Only the lines from the one containing "White Fresh Flower" through the one containing "Panoramablick vom KL" should be printed, exactly as they appear below, with both ends included.

-- SUPPLIED ENTRIES follows --

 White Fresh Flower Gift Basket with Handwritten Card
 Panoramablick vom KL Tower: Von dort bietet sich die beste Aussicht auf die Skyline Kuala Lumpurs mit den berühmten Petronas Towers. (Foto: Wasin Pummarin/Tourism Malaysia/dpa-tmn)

-- SUPPLIED ENTRIES concluded --
-- SUPPLIED ENTRIES follows --

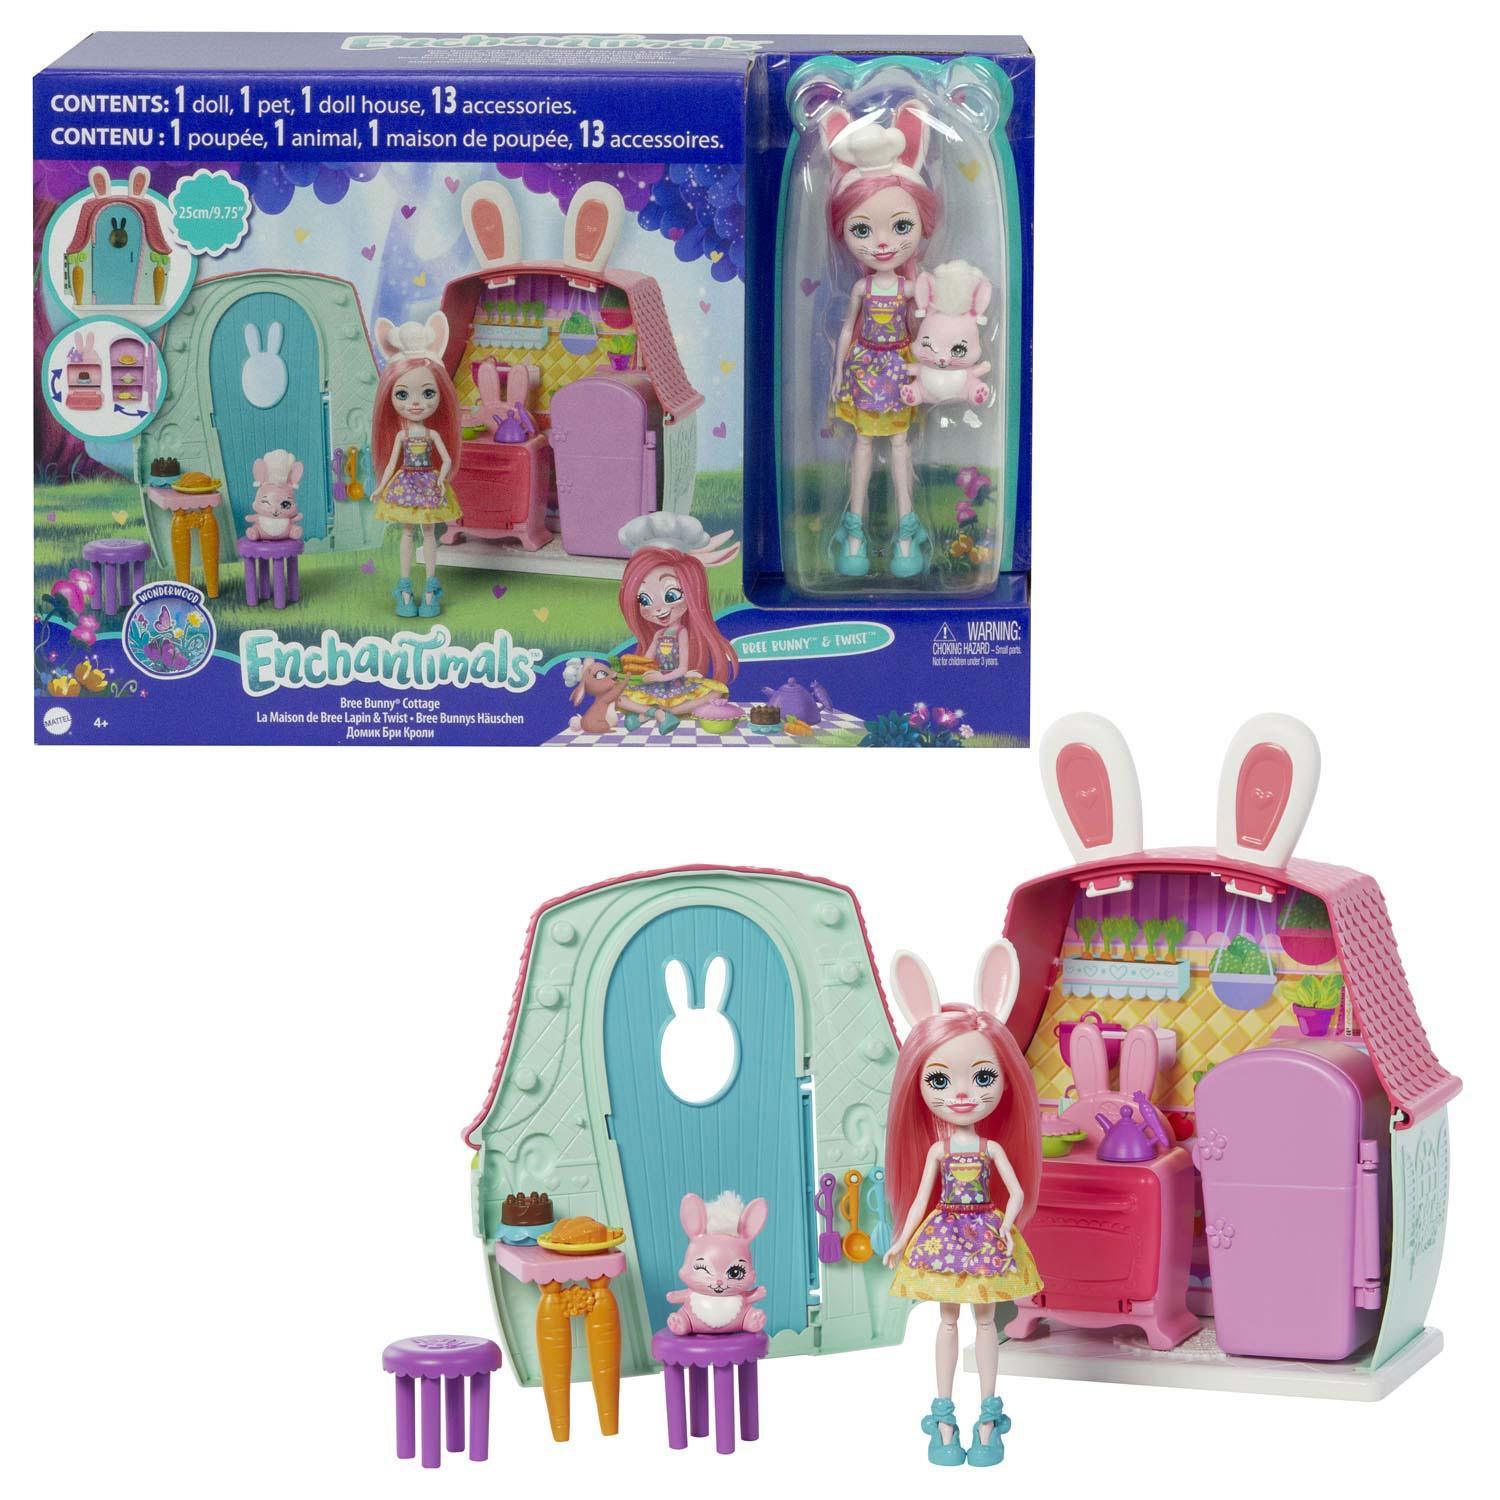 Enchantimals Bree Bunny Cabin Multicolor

-- SUPPLIED ENTRIES concluded --

### REPLY
 White Fresh Flower Gift Basket with Handwritten Card
 Panoramablick vom KL Tower: Von dort bietet sich die beste Aussicht auf die Skyline Kuala Lumpurs mit den berühmten Petronas Towers. (Foto: Wasin Pummarin/Tourism Malaysia/dpa-tmn)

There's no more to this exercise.